Zelfs Stardraw was de laatste keer dat ik keek niet gratis.

30 dagen demo's zat, maar zonder save en print functie. Handig in het o zo stabiele windows tijdperk. Net een halve dag zitten tekenen krijg je een B-O-D...

Tip: Begin met potlood en papier of steek er wat geld in en begin te kijken naar Capture.

----------


## Q-lighting

met depodlood versie ben ik al begonnen :Wink: 
daarom wou ik u iets voa de pc.

ps. starsraw lighting 2d kan ik niet installeren, hij geef teen fout aan.

alvst erg bedankt :Smile:

----------


## tomv

Ik tekende altijd doodleuk in excel [:I]

Eens je je symbolen hebt gemaakt ist echt niet moeilijk.
Het is natuurlijk geen WYSIWYG of weet ik wat, maar voor een beginner meer dan voldoende

----------


## ljmartijnw

Ik teken in het programma Flash. Schalen zijn ver te zoeken, maar als je het een beetje op het blote oog inschat kan je het heel mooi maken. kan eigen library aanmaken. kan dus lekker snel ontwerpen.

----------


## kristof

ik zal het wel houden met men showdesigner  :Smile:

----------


## Q-lighting

Ik doe het nu met flash, en gaat lekker :Big Grin: 

heel erg bedankt

Q

----------


## Q-lighting

nog ffkes een klein vraagje aan: LJ martijnW.

kunt u mij uw library sturen?

ik kan zelf geen goede iconen maken of vinden.

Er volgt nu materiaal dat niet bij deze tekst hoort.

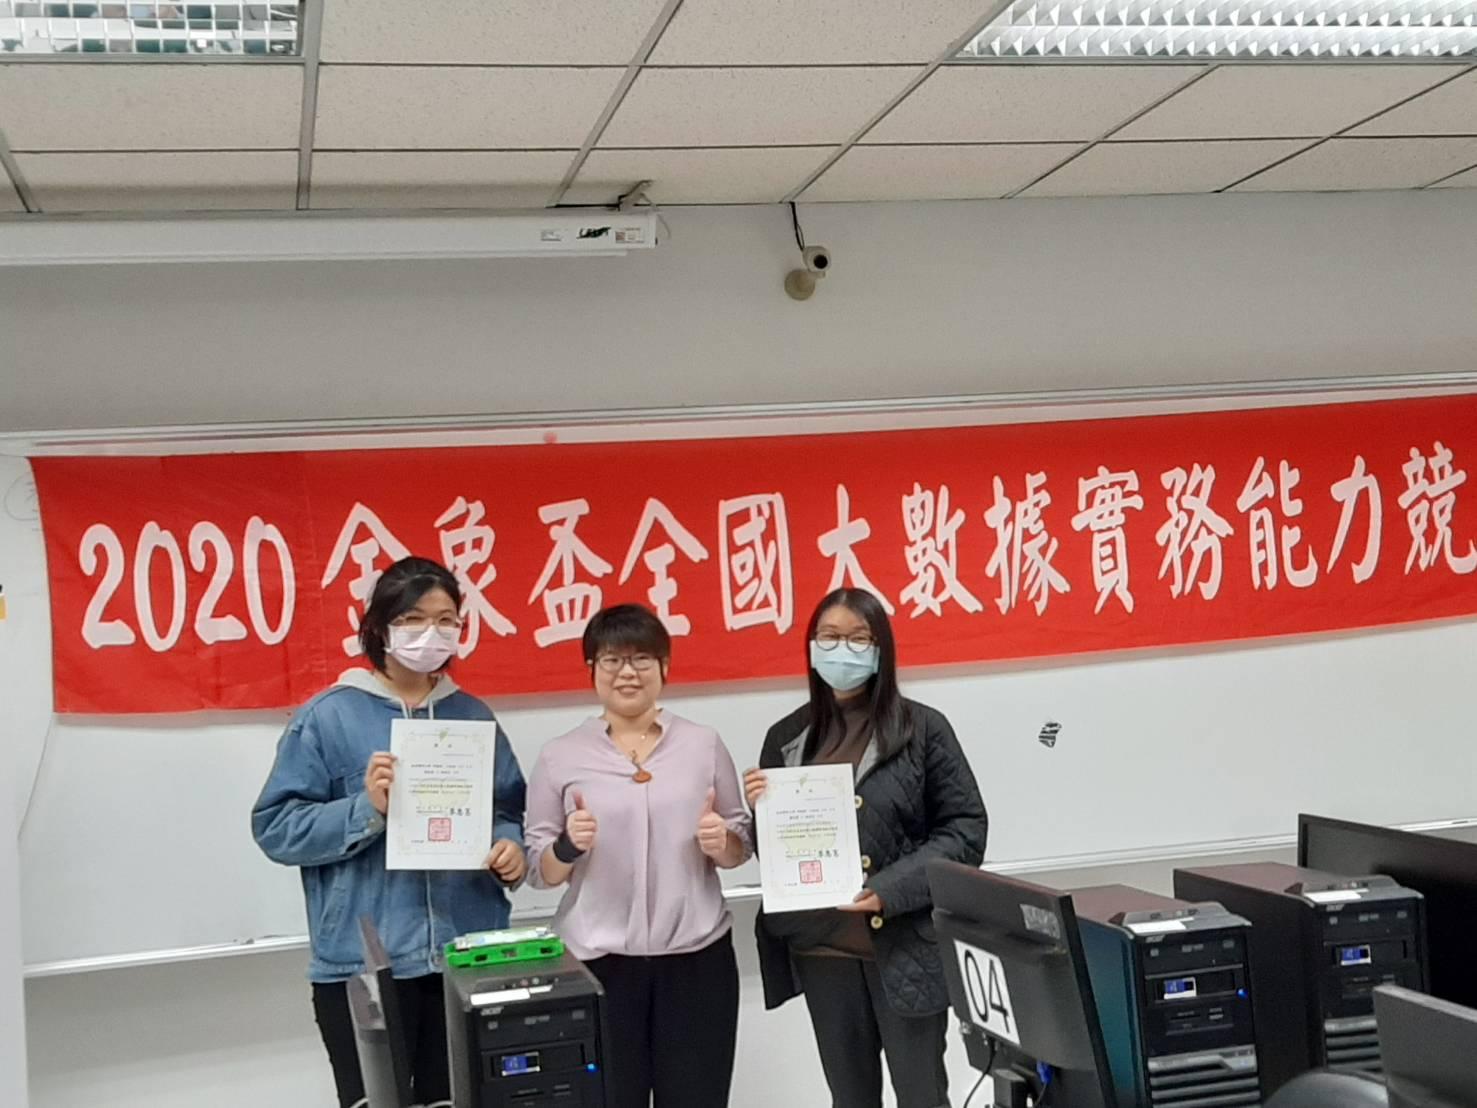 賀 邱曉婷老師指導學生參加2020金象盃全國大數據實務能力競賽大專院校組榮獲優勝
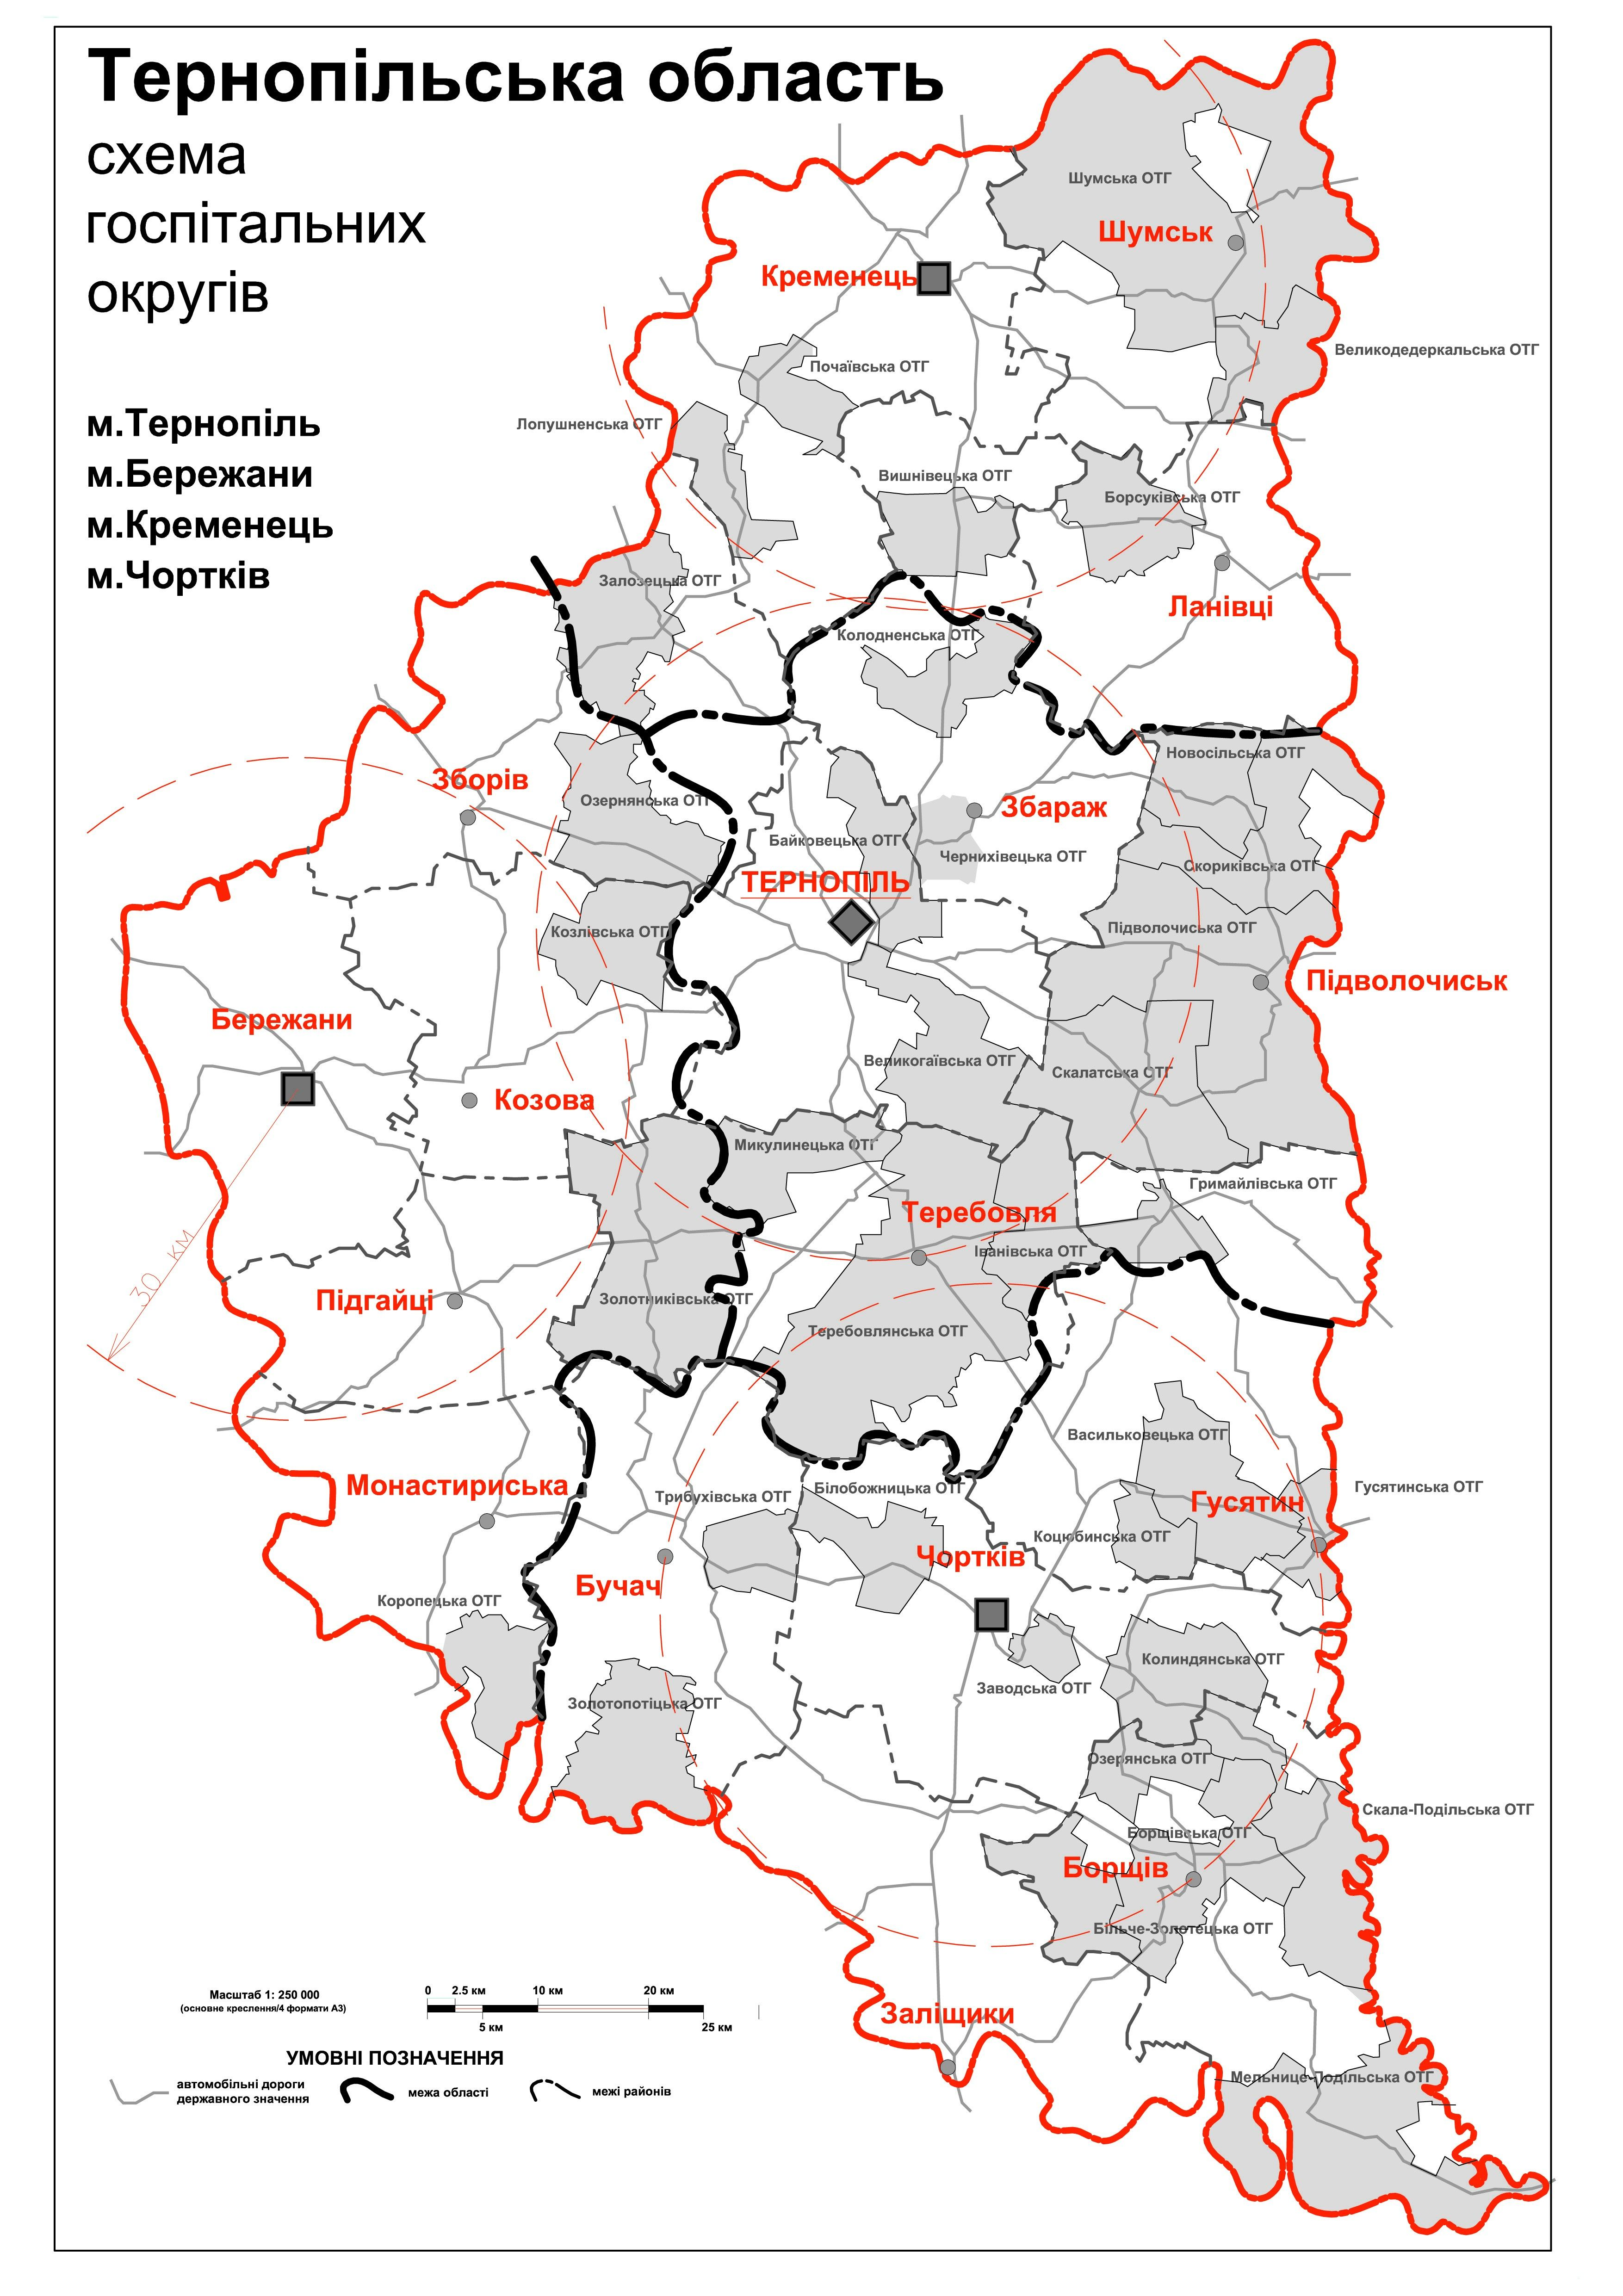 В Тернопільській області кількість районів планують зменшити до кількості госпітальних округів з відповідними територіальними межами

mijn email adres is: edit by mod, zie profiel
alvast erg bedankt

Q

----------


## Johan Boogaard

@ Q-lighting

Probeer eens een programma zoals Autocad 2000
Meeste fixtures zijn gewoon bij de fabrikant van de site te downloaden als DWG/DXF.
Probeer eerst hier mee fatsoenlijk mee te leren tekenen voordat je begint aan programma's zoals vectorworks en/of WYSIWYG.

Groeten 

Johan Boogaard

----------


## NiTRO

probeer eens www.sweetlight-controller.com  software is gratis te downloaden en de 3D optie ziet er veel belovend uit. Print optie zit er gratis bij.

suc6

ERC

----------


## Q-lighting

oke :Smile:  ik vind het erg leuk dat jullie mij helpen, en probeer ook ieder programma uit.
tot nu toe vind ik flash nog het makkenlijkst[ :Stick Out Tongue: ]

Q

----------


## ljmartijnw

Heej q-lighting ik had het best graag willen doen, maar heb helaas mijn computer helemaal leeg gehaald. Ik moet zelf ook nog een nieuwe library aanmaken.

----------


## Q-lighting

oke :Wink: 
geeft niet joh..
maar tog bedankt...
ander kunnen we wat uitwisselen misschien... :Smile: 

Q

----------


## Whitefarmer

ik las bovenstaande en heb vanmiddag ook sweetlight maar even gedownload, reetegaaf!!!
Echter, ik krijg uit elke parcan dezelfde kleur licht, terwijl in de omschrijving staat dat ik ze moet noemen naar de kleur die ze dienen te hebben, kom met de manual niet verder.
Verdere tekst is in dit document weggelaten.